TASK REQUIREMENTS. Copy out the data in full and exactly, passing over the pictures.

COLLECTED MATERIAL.

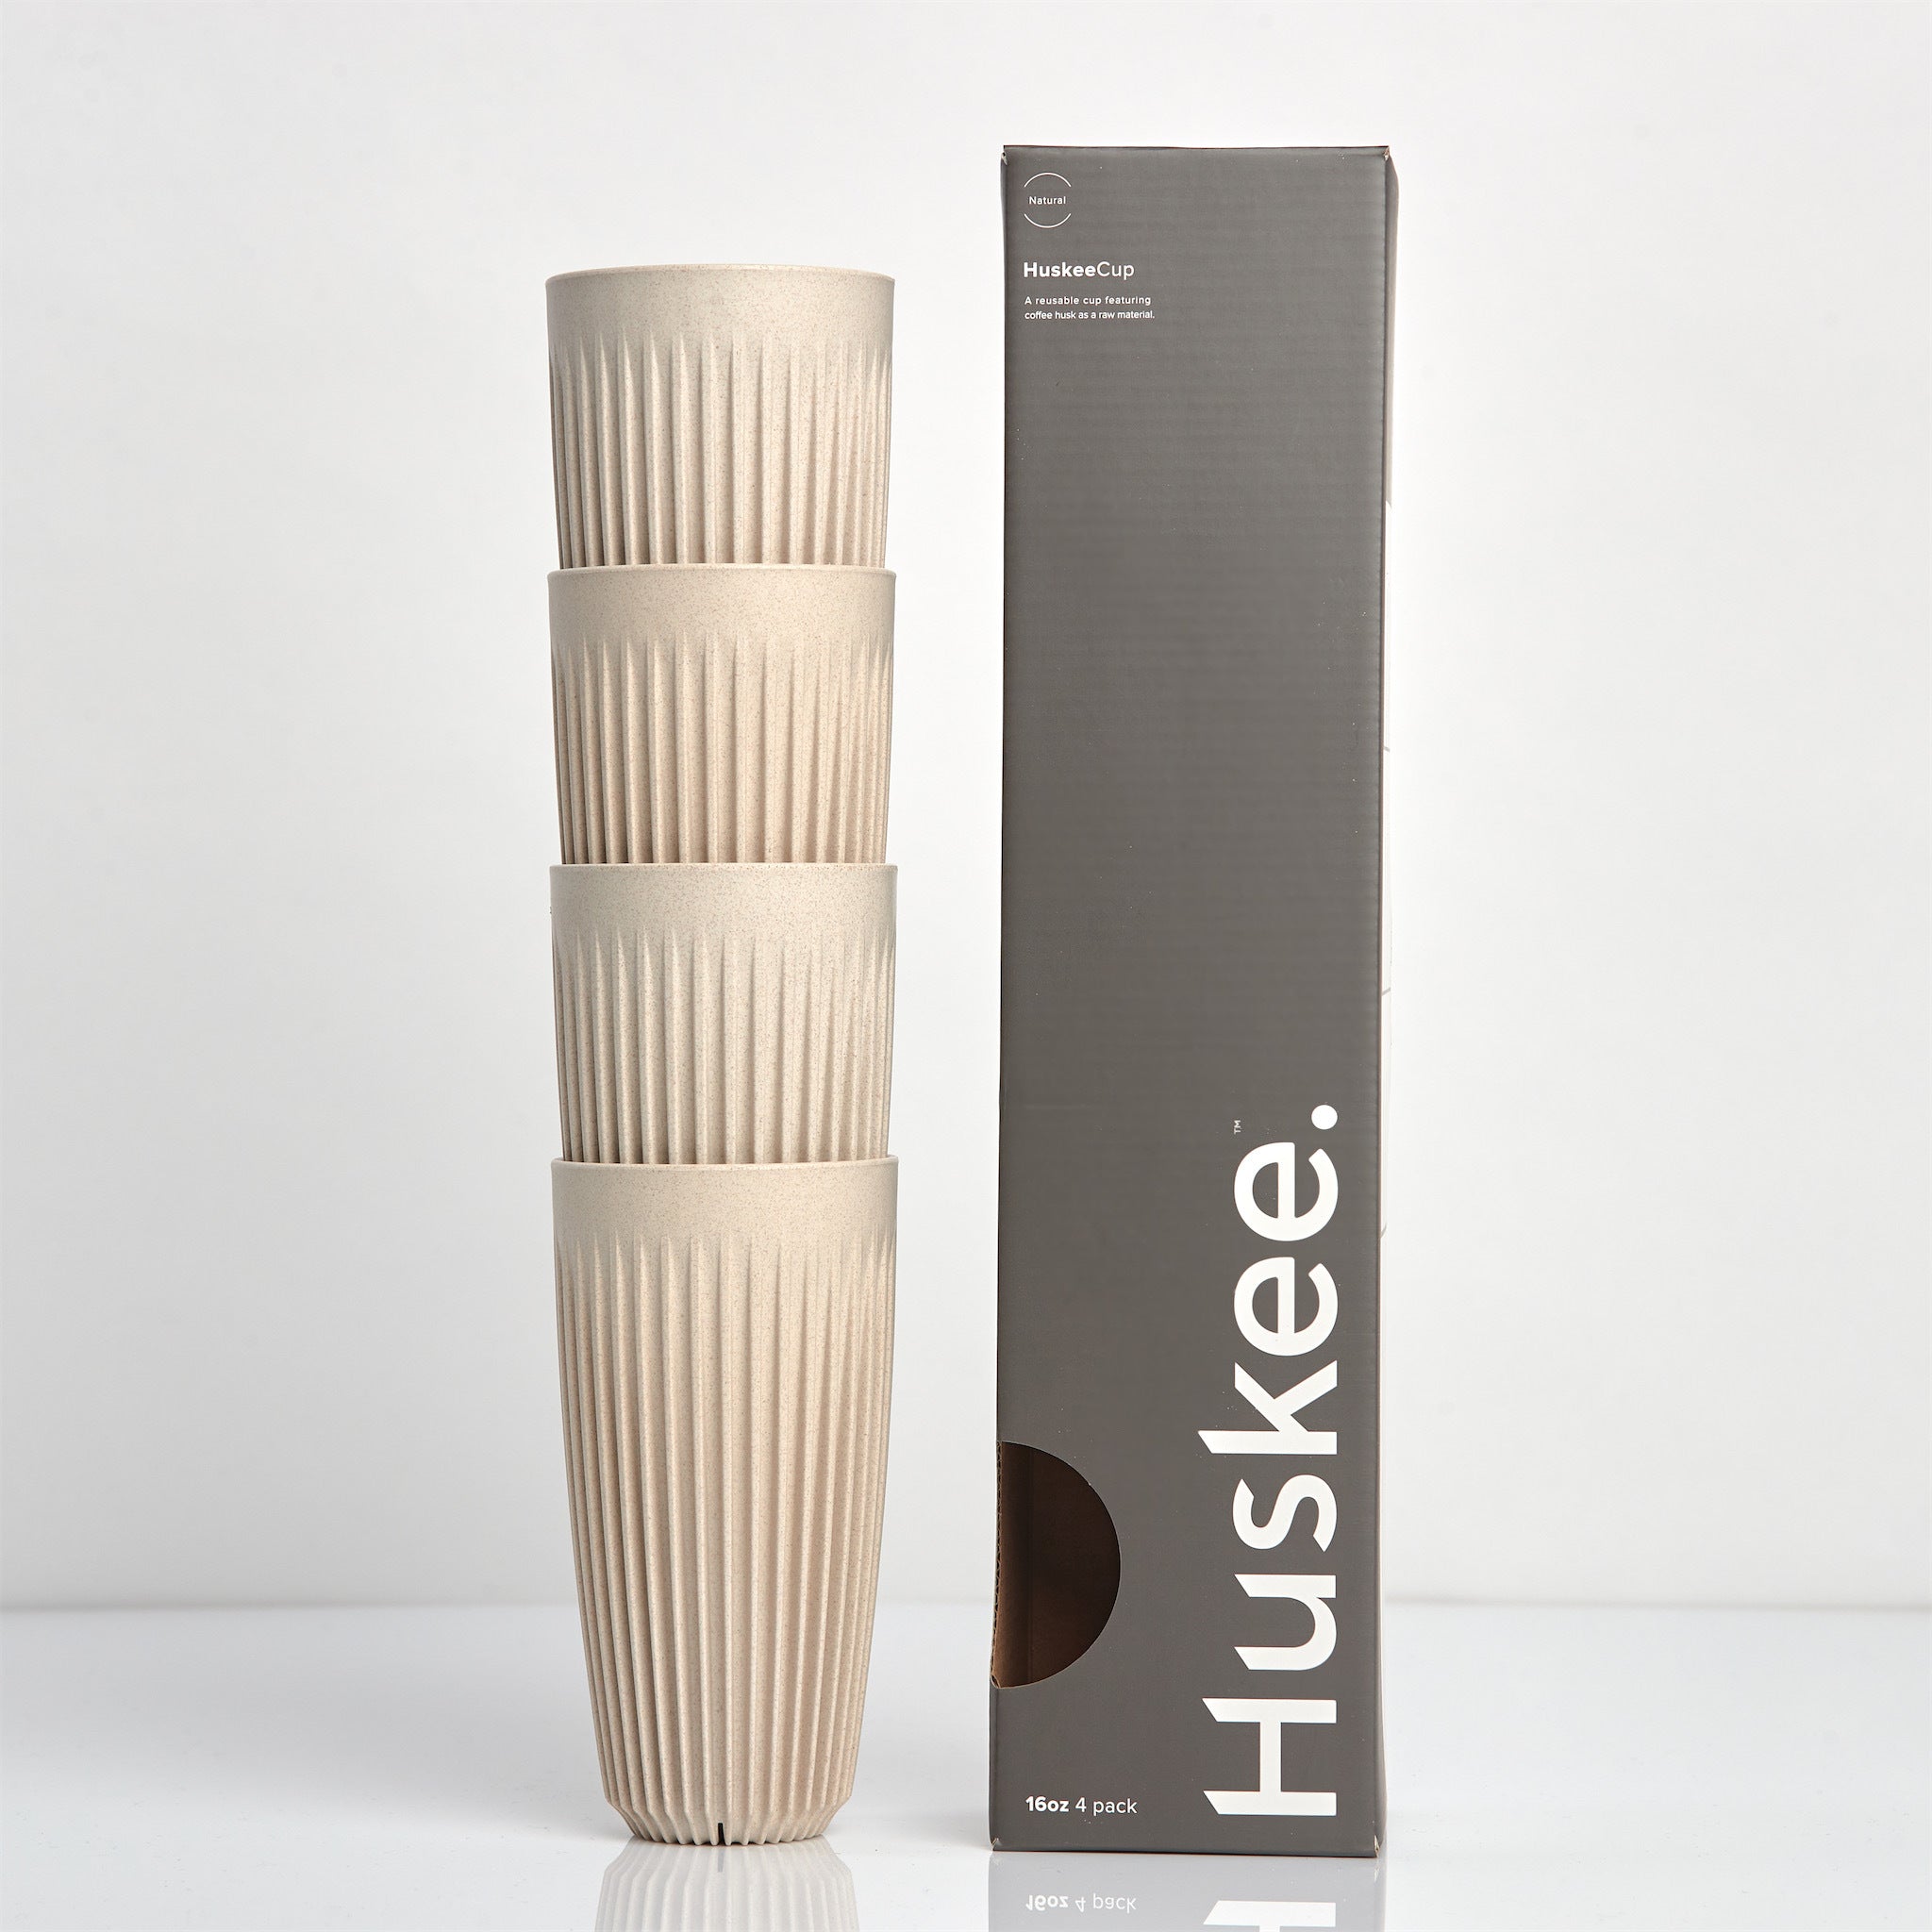 Huskee 咖啡杯 4 件装 [16 盎司/473 毫升]（木炭/自然色）
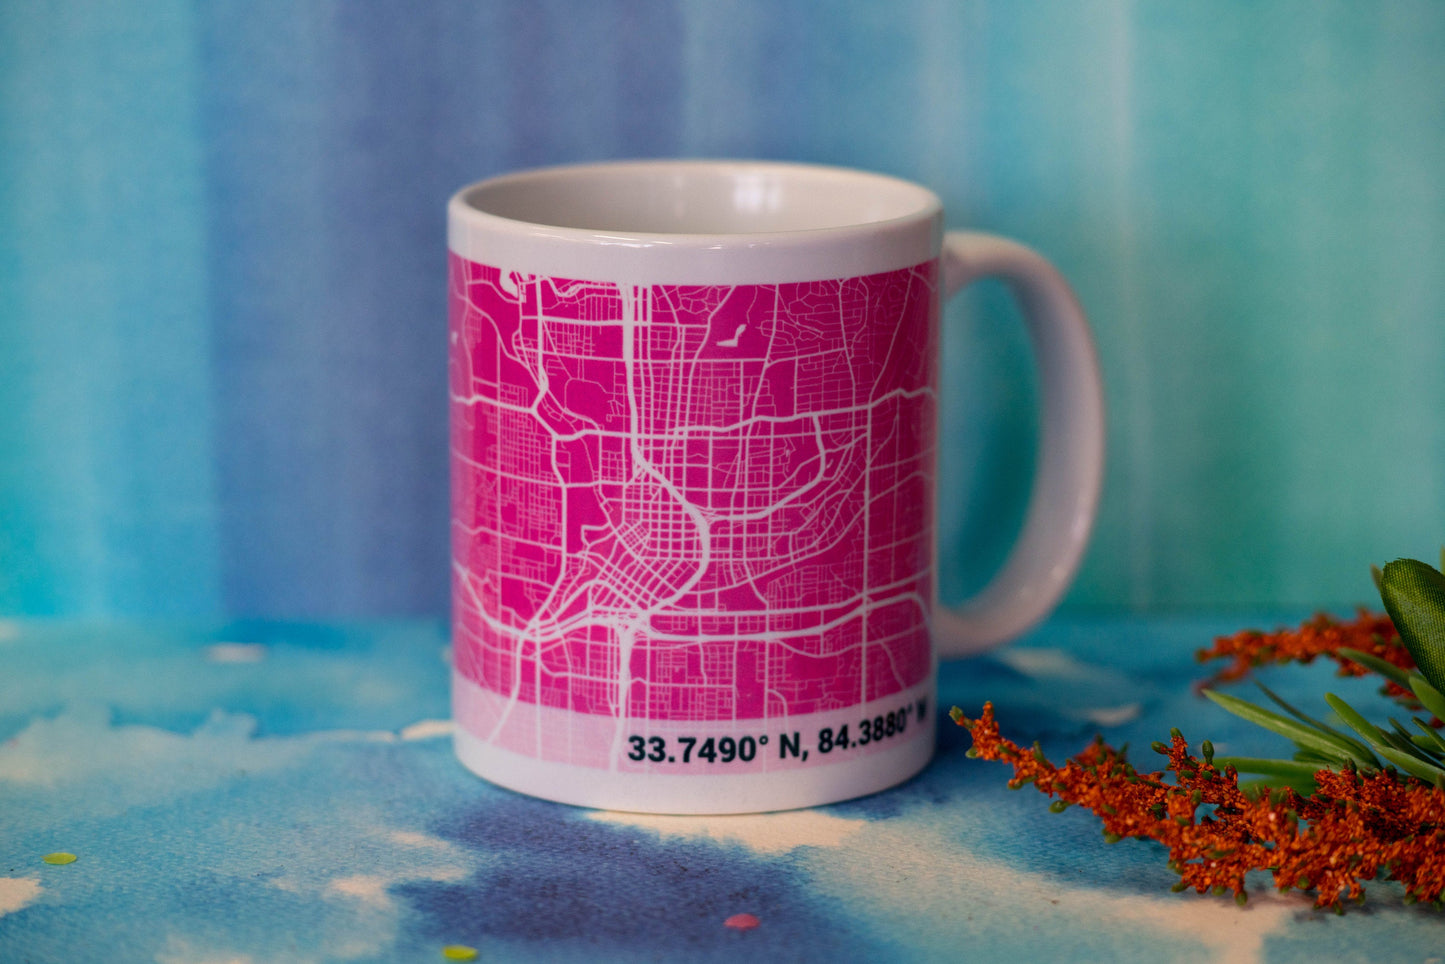 Personalized PINK City Map Mug
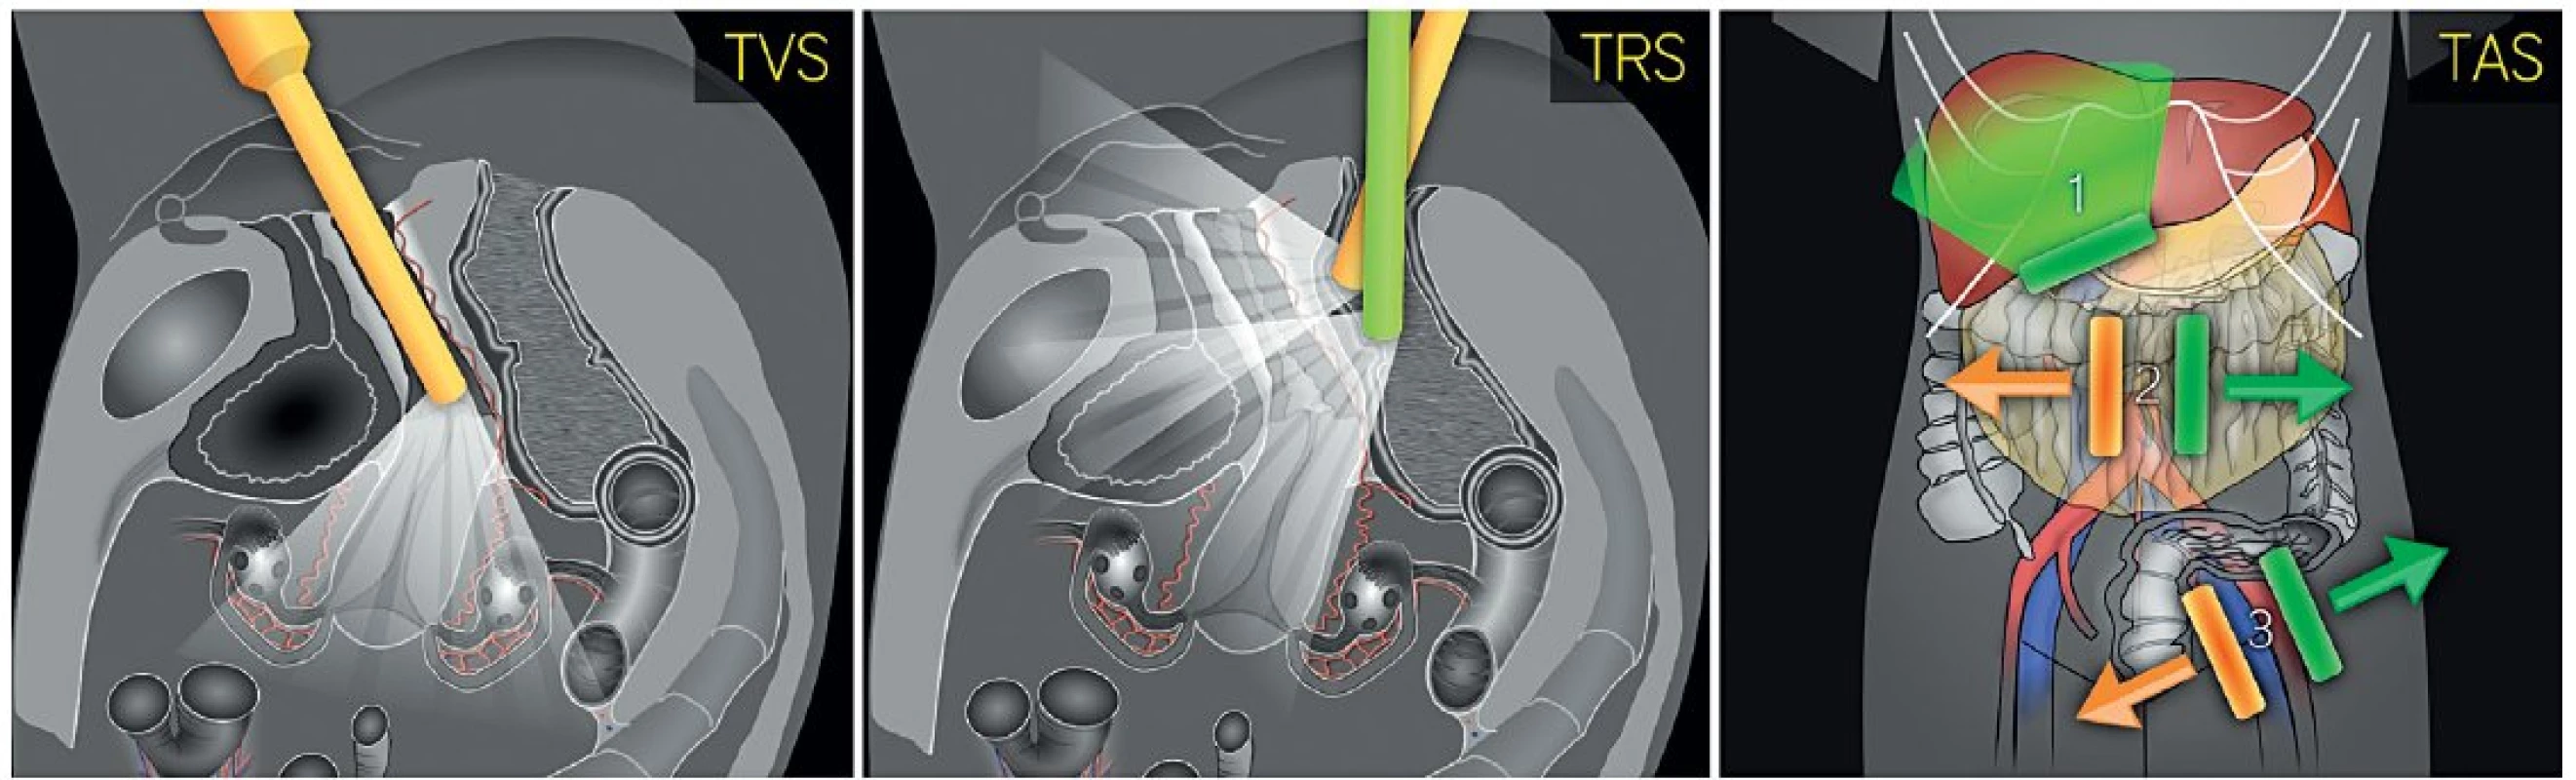 Postup ultrazvukového vyšetření při předoperačním screeningu endometriálního karcinomu

SOLUTION TO THIS TASK.
 Huskee 咖啡杯 4 件装 [16 盎司/473 毫升]（木炭/自然色）
 Personalized PINK City Map Mug
 Postup ultrazvukového vyšetření při předoperačním screeningu endometriálního karcinomu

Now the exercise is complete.